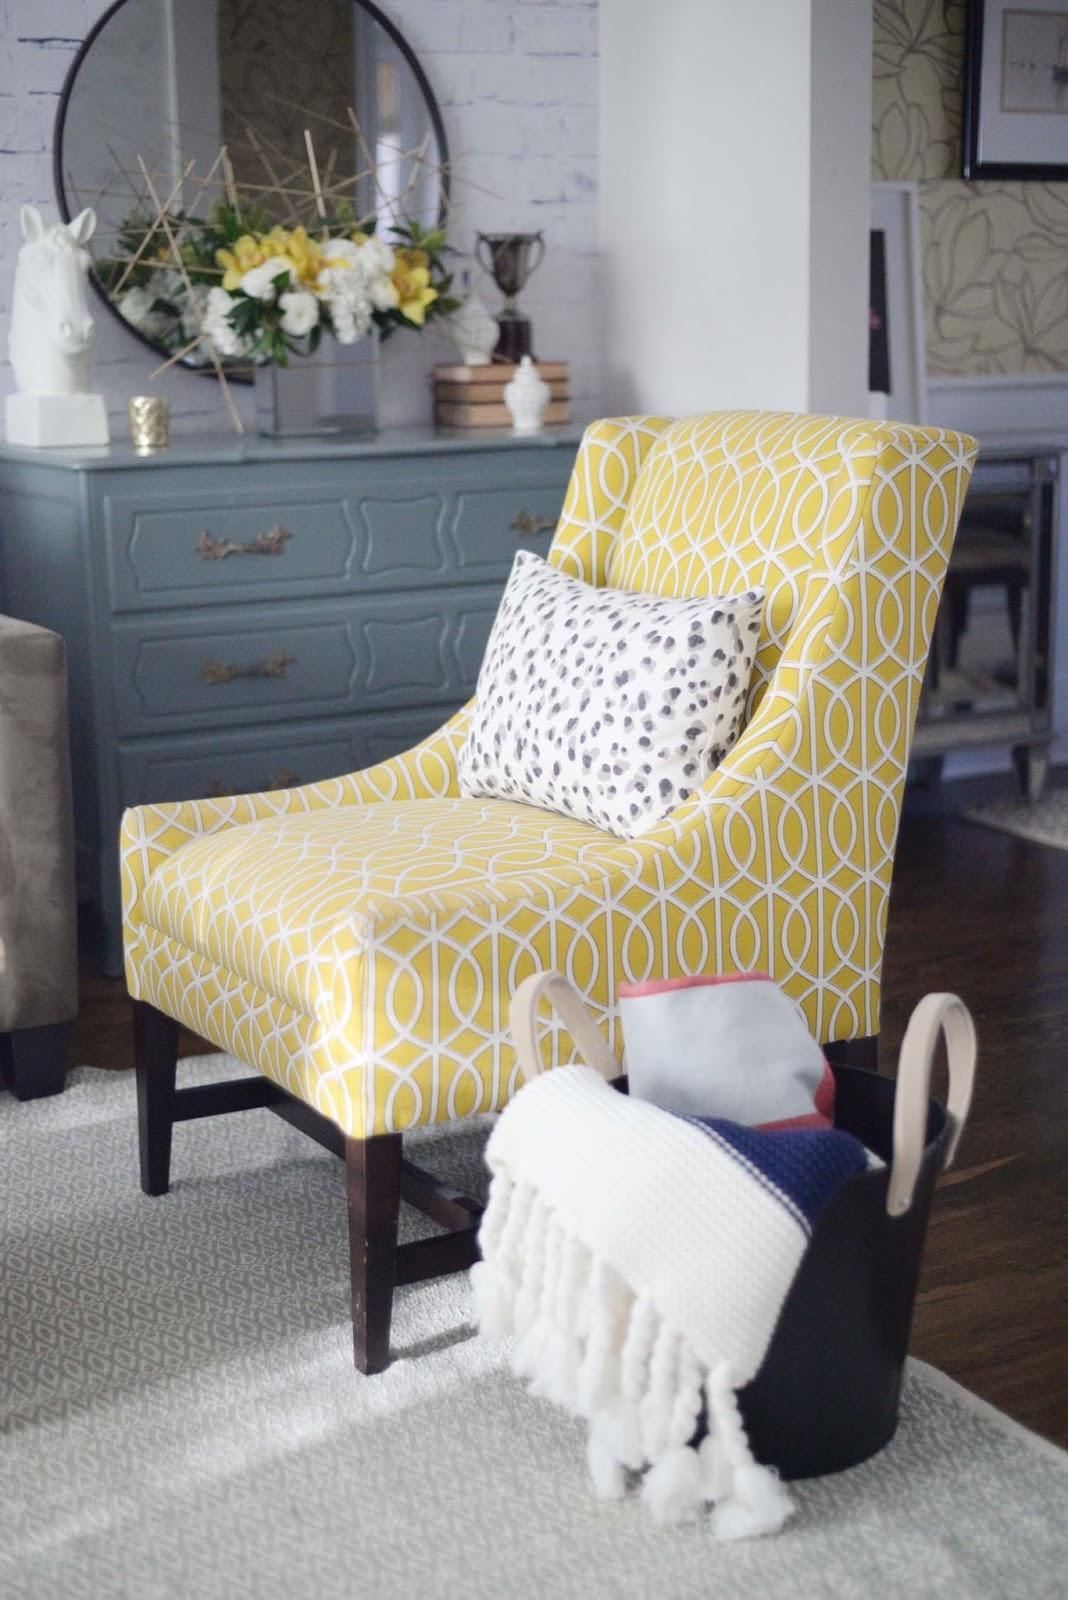 Wayfair Winter Refresh | Dwell Studio Crate & Barrel chair | RamblingRenovators.ca
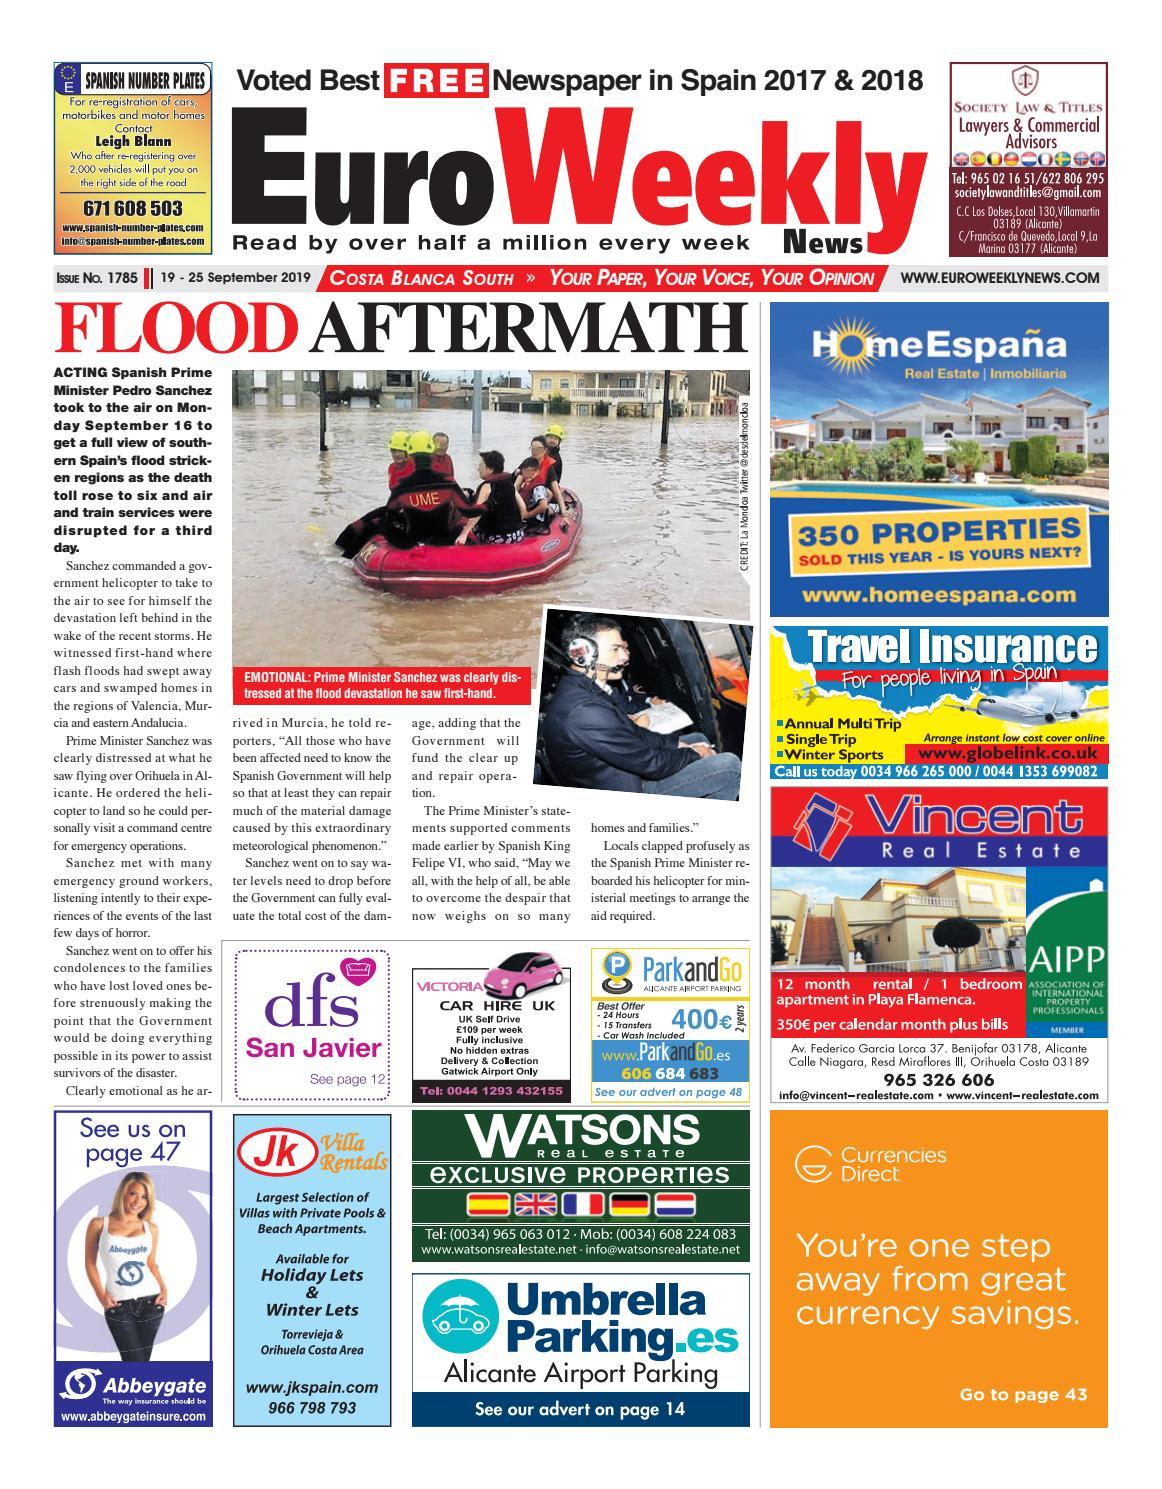 Euro Weekly News - Costa Blanca South 19 - 25 September 2019
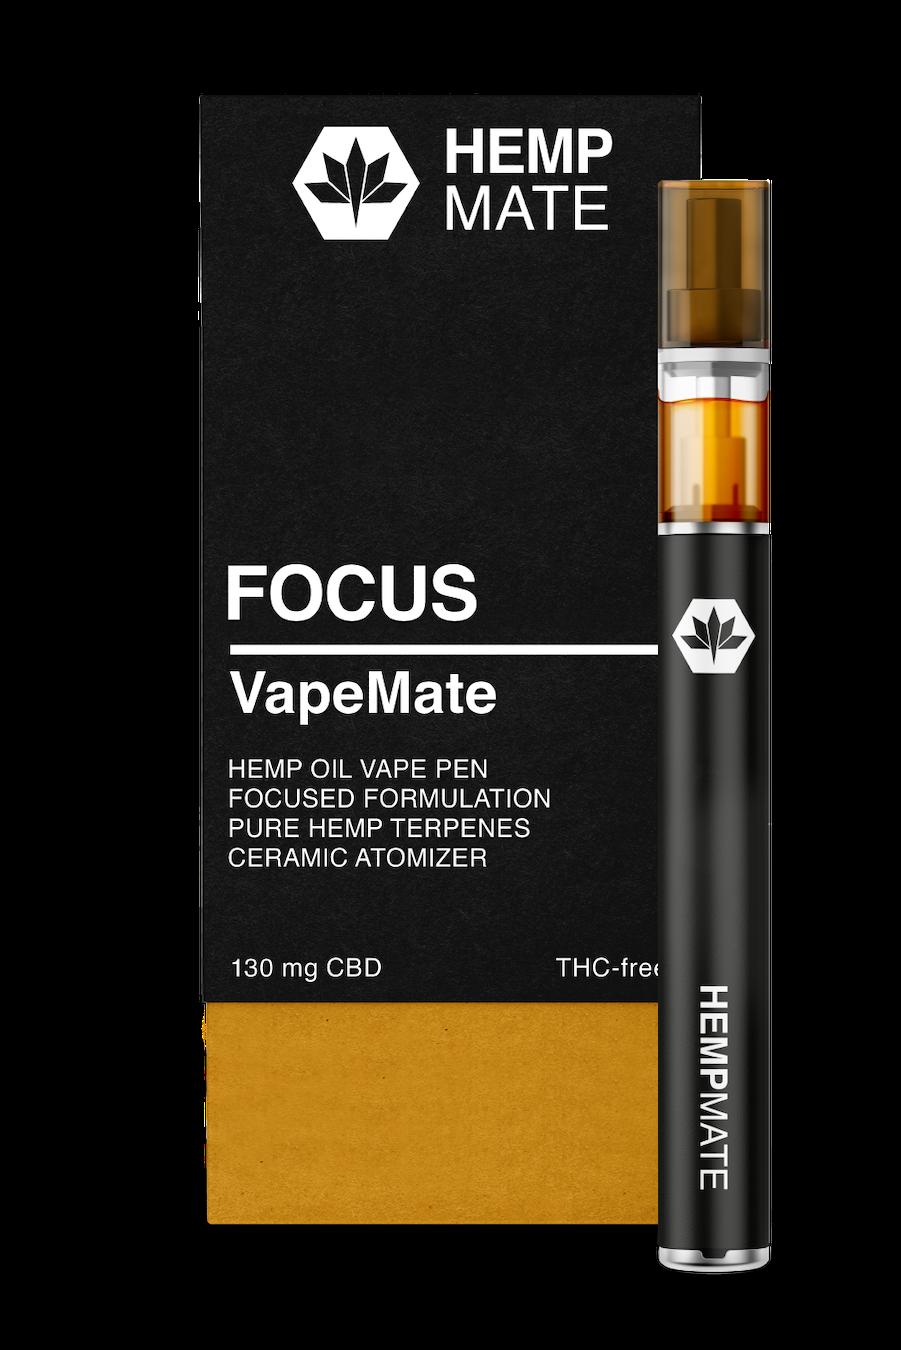 VapeMate Focus
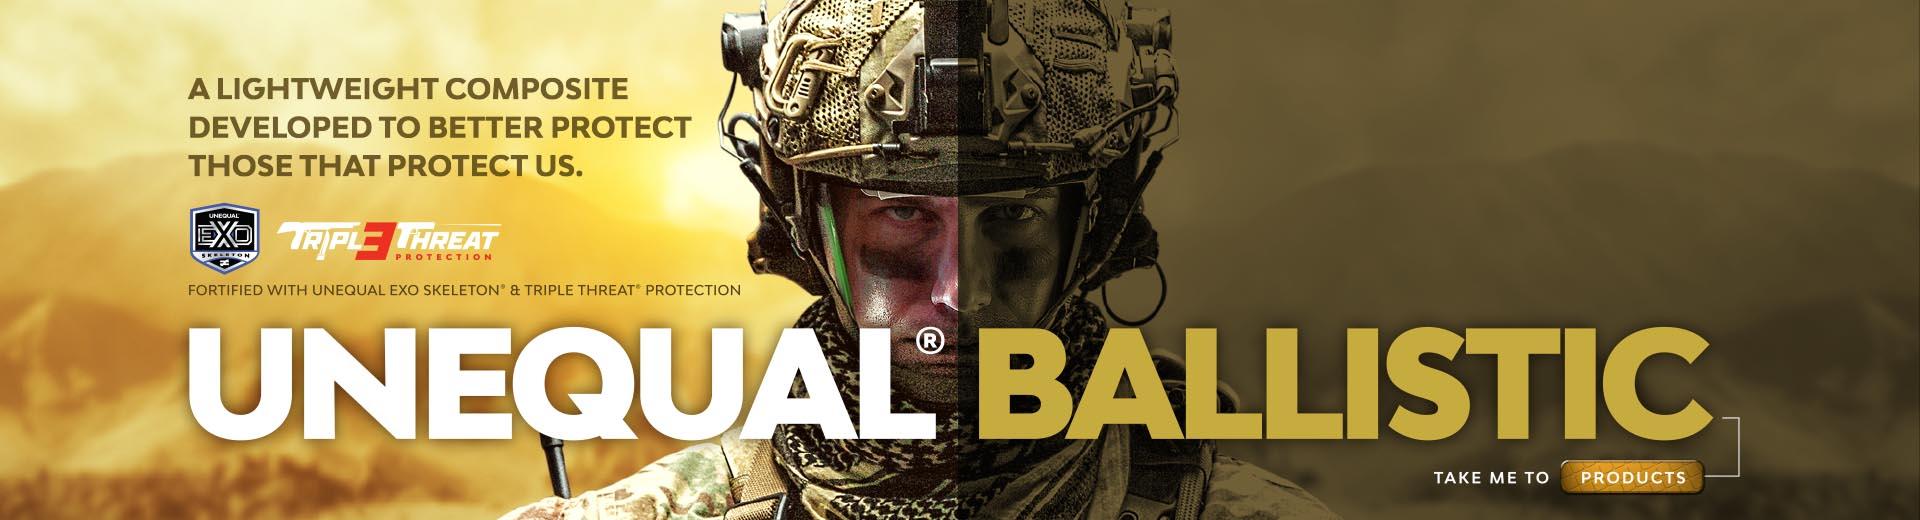 ballistic military grade vest

### Exercise details
Would you copy the lines from the one holding "Euro Weekly News" down to the last line of the material, both included, exactly and with nothing added, skipping the pictures?

### Completed task
 Euro Weekly News - Costa Blanca South 19 - 25 September 2019
 VapeMate Focus
 ballistic military grade vest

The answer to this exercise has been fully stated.